> _WHAT YOU NEED TO DO_
Retype, word for word, the line holding "Quartier 54 (group2)" and every line below it to the end of the listing. Leave out the pictures.

> _DATA EXCERPT_
┌────────
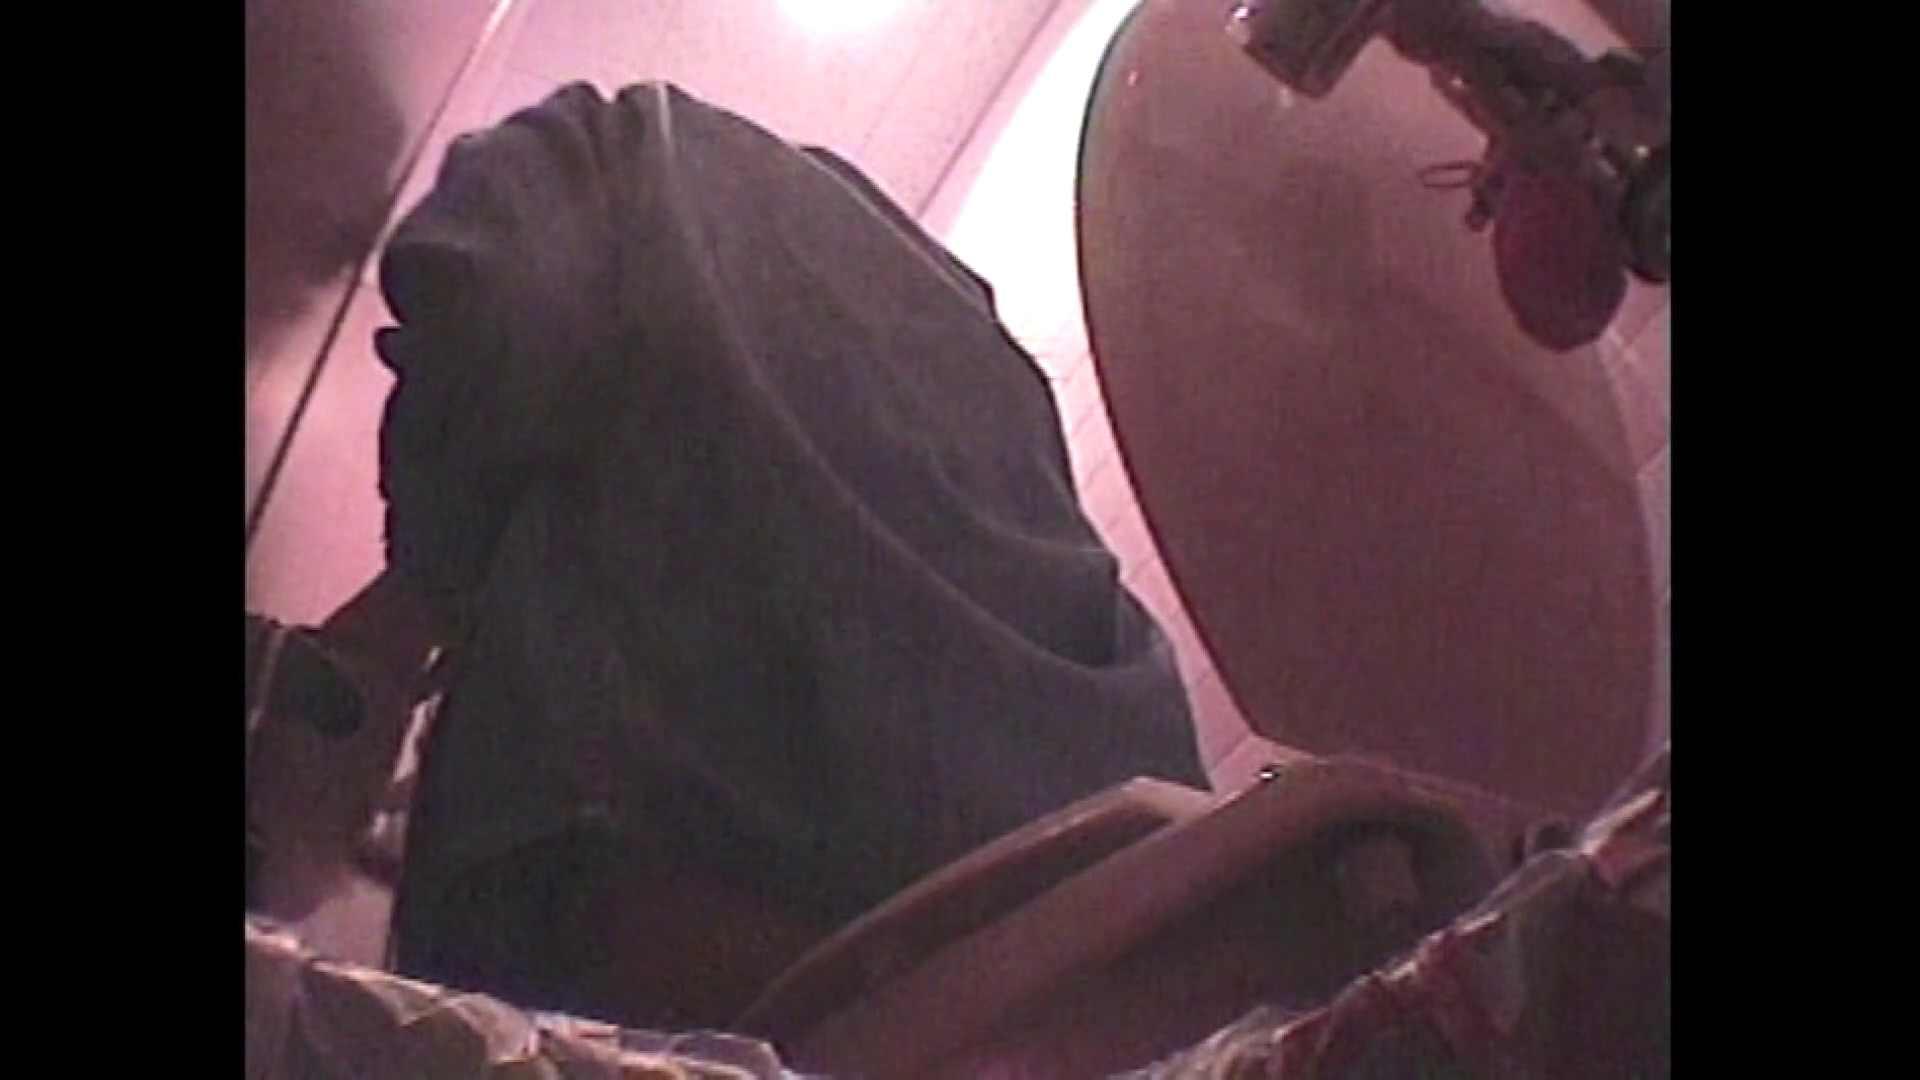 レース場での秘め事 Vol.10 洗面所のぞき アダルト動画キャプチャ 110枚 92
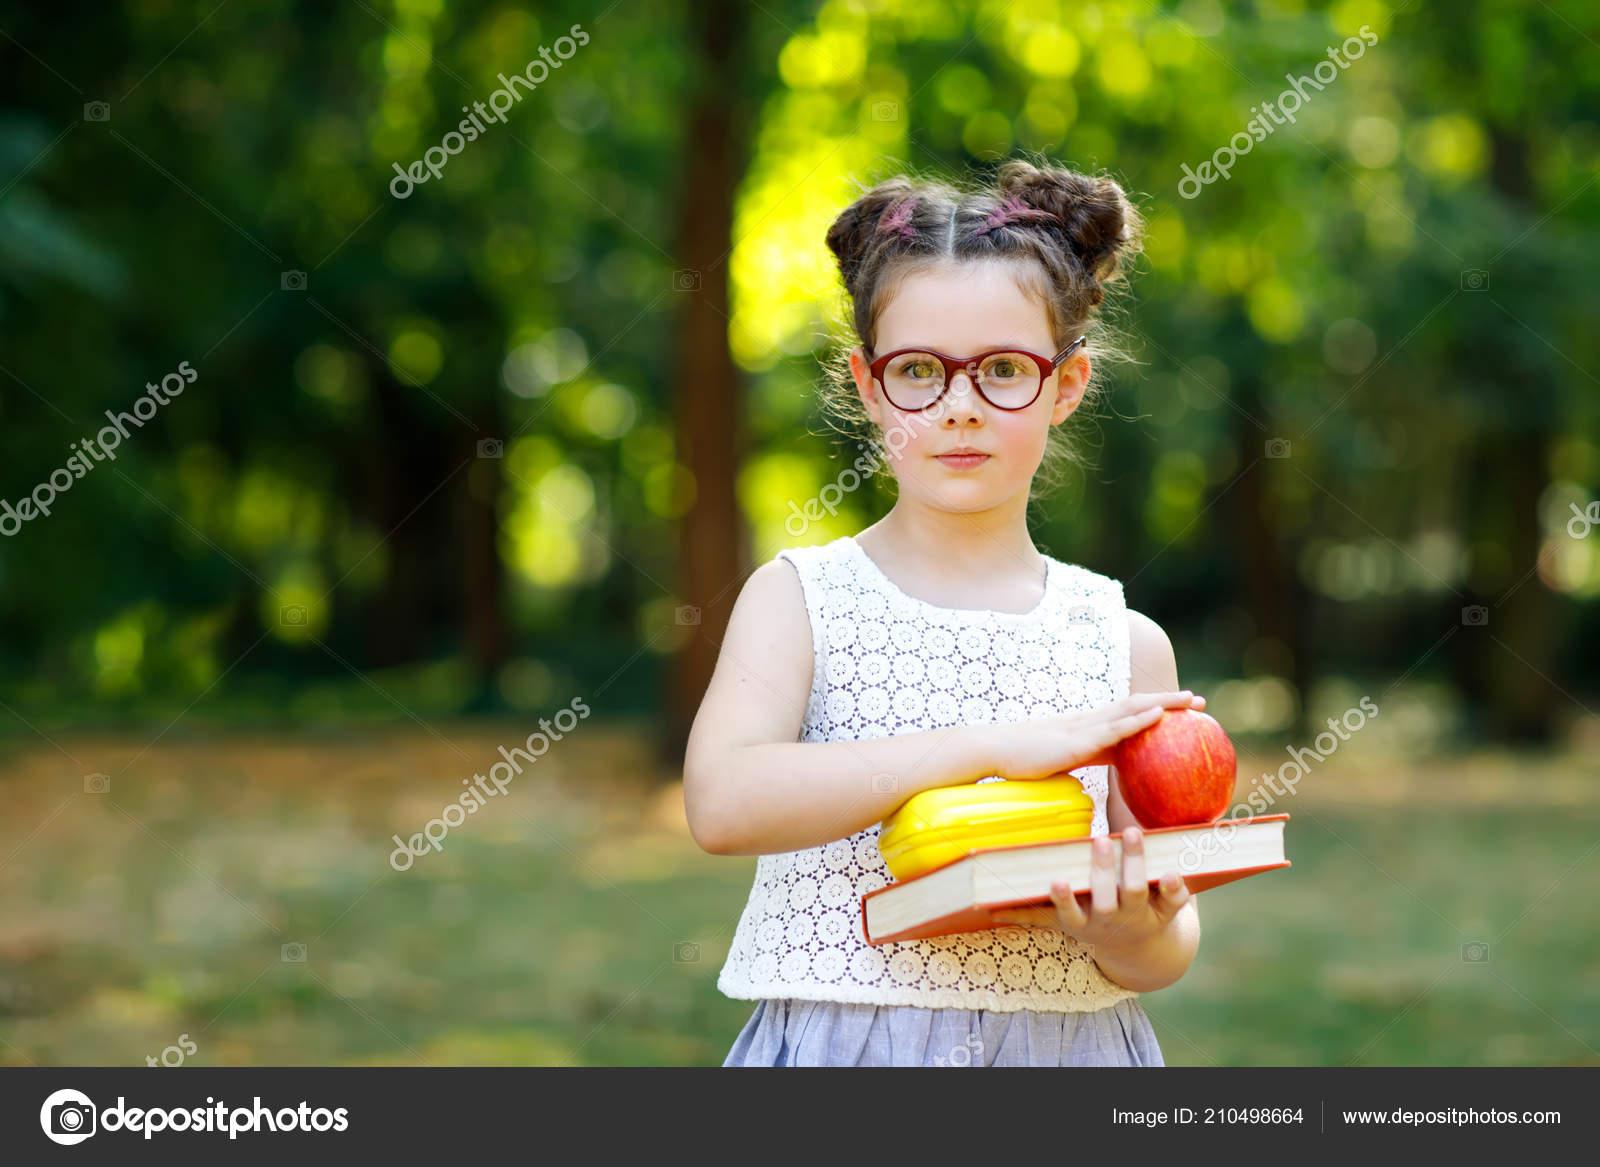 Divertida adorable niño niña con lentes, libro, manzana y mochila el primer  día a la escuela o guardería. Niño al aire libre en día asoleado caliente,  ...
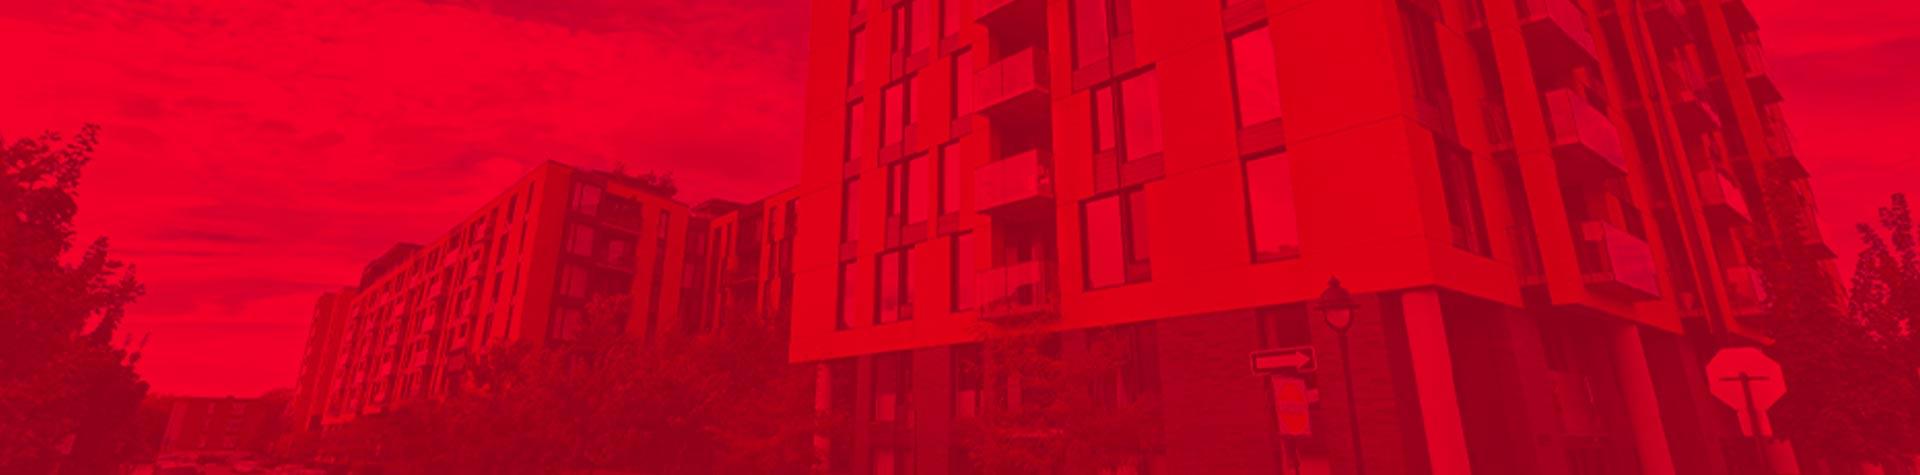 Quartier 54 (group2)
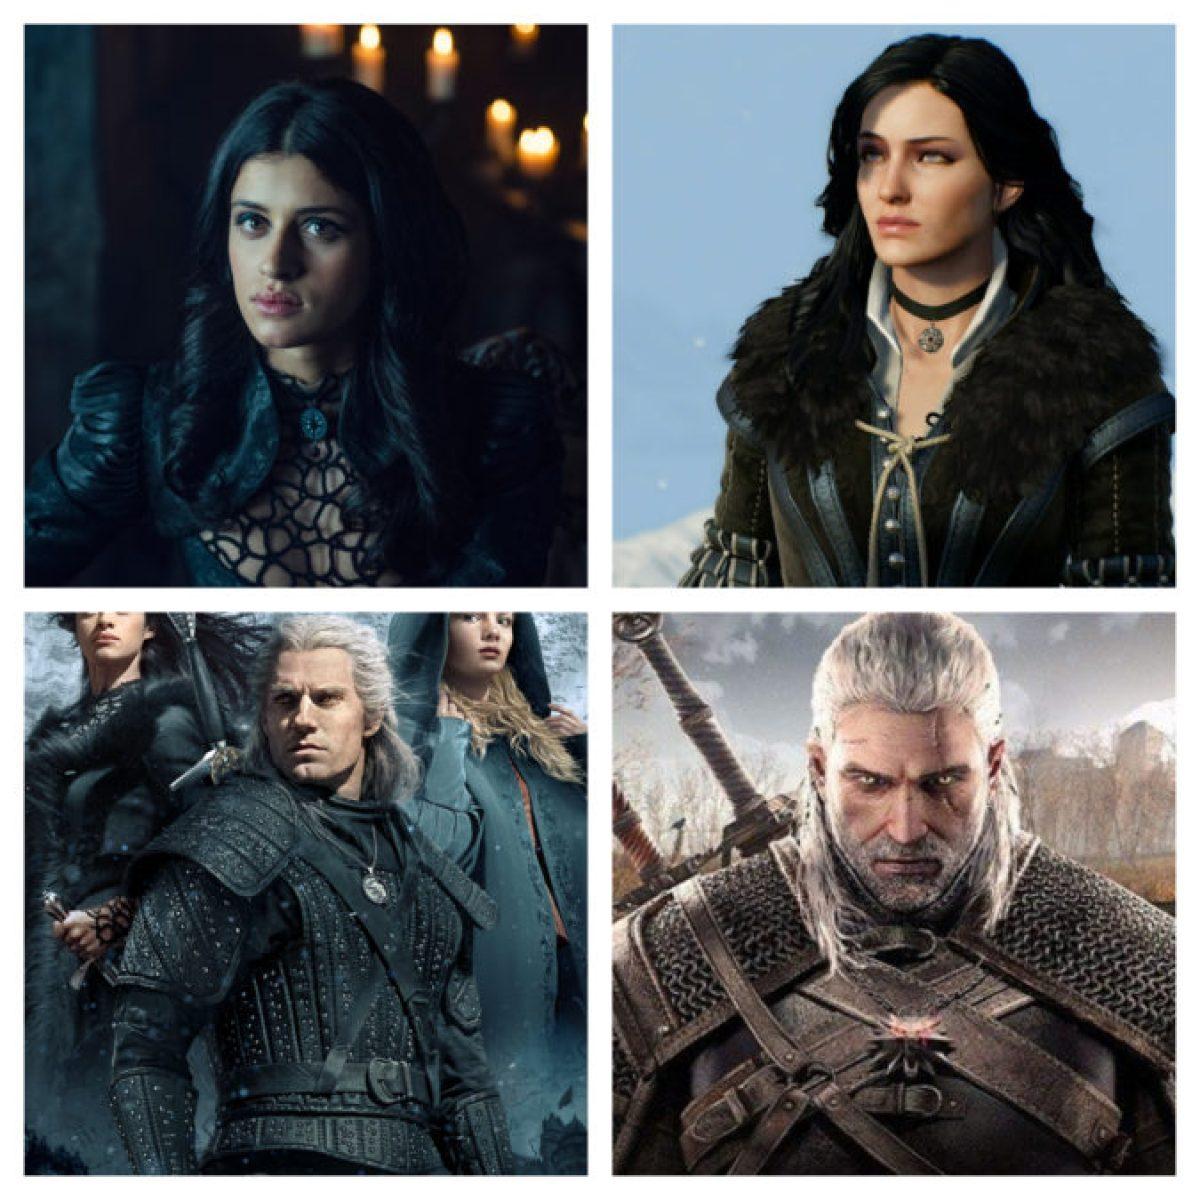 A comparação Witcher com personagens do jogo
└────────
> _WRITTEN ANSWER_
 Quartier 54 (group2)
 A comparação Witcher com personagens do jogo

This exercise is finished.